Adamlar haklı. Teslim olmaya değil, teslim almaya geldiler.
Bu kez aceleye geldi, bundan sonraki kafileleri mutlaka resmi törenle karşılamak gerekecek! Taksit taksit gelecekler, yeni mektuplar getirecekler, mitingler yapacaklar, ayaklı propaganda makineleri hızla faaliyete geçecek, dünya ayağa kaldırılacak. Örgütünü İmralı’dan özgürce yöneten Apo’ya belki basın toplantısı yapma hakkı verilecek.
Belki o zaman “Bu konuya Milli Güvenlik Kurulu el koymuştur” gibi açıklamalar yapmak zorunda kalacaklar.
MGK geçmişte işlevi olan ve önemsenen bir kuruldu. AKP, AB’den gelen emir doğrultusunda yasayı değiştirdi. Şimdi o kurul, beş komutanın katılması dışında Tayyip’in Bakanlar Kurulu’nun benzeridir.
Neyse yeni kafileleri hep birlikte bekleyelim. Onları bu kez bando mızıka ile karşılayıp güzelce ağırlayalım. Çankaya’dan Başbakanlık’tan randevuları önceden ayarlayalım. Böylece ABD, AB ve utanç verici koşullarda bile suskun kalmayı yeğleyen Türk Milleti’ni mutlu etmeyi başaralım.
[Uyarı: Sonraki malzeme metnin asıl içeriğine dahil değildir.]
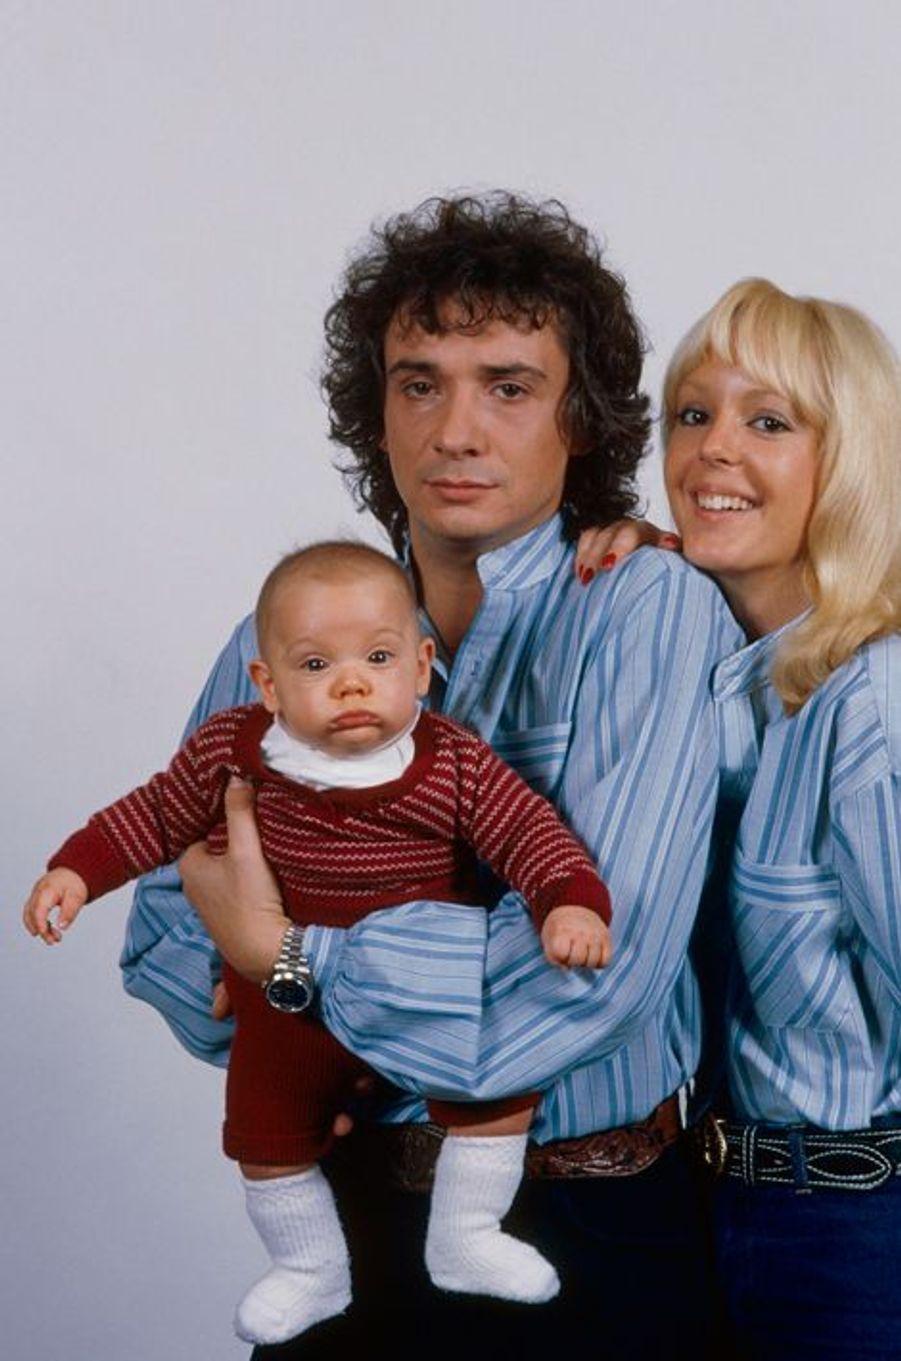 Michel Sardou tient dans ses bras son fils Davy, 5 mois, au côté de son épouse Babette

Günün birinde bakarsınız sıra Türk açılımına gelmiş!
* Emin Çölaşan / Sözcü
++++++
Caniye ‘fırsat’ı verdiler
Bir söz vardır, “Bayram değil, seyran değil, eniştem beni niçin öptü?” derler.
Bunlar da niye geldiler?
Birdenbire yüreklerine ateş mi düştü, memleketlerini mi özlediler de kalkıp geldiler?
Sınır kapısı, sanki bayram, zafer bayramı.... Zaferin galibi belli de mağlubunu merak ediyor musunuz?
Öcalan, “ilk sorgusu”ndan sonra, kendi isteğiyle bir daha sorgulanmak ister.
Savcı Talat Şalk’ın yazdığına göre “manevra” yaparak “Cumhuriyetin demokratikleşmesi, demokrasi için birlikte yaşamak” tezini ortaya atar.
Öcalan’ı İmralı’da sorgulayan savcı Şalk şöyle der:
“Türkiye Cumhuriyeti Devleti’nin iki uluslu, iki dilli bir devlet olduğu benimsenmeliydi. Bugün DTP’nin kongrelerinde dile getirilen talepler de Öcalan’ın talepleriyle aynı...”
Kenya’dan kaçırılıp uçakta uyutulan Öcalan, uyandıktan sonra ne demişti: “Fırsat verilirse, devlete en büyük hizmeti yapacağım!”
İşte bu gün “fırsat günü”dür!
Tam on yıl geçti, Öcalan, bu fırsatı bekledi.
Cumhuriyetin demokratikleşmesini...
Yol açıldı, yolda kim bilir daha ne fırsatlar çıkar, nasıl olsa elimizde Öcalan’ın “yol haritası” var...
* Hasan Pulur / Milliyet
++++++
TBMM’de ne dediyse o oldu
1999’da PKK’lıların gelişi iki ay sürmüştü; şimdi ise iki gün... Böyle bir organizasyon kolay değildir. Demek ki, bu işler önceden hazırlanmış; iyi pişirilmiş ve ‘servisi’de kamuoyuna gayet biçimli şekilde sunuluyor.
Türkiye’nin ‘asli unsuru’ olan Türkler rencide oluyor.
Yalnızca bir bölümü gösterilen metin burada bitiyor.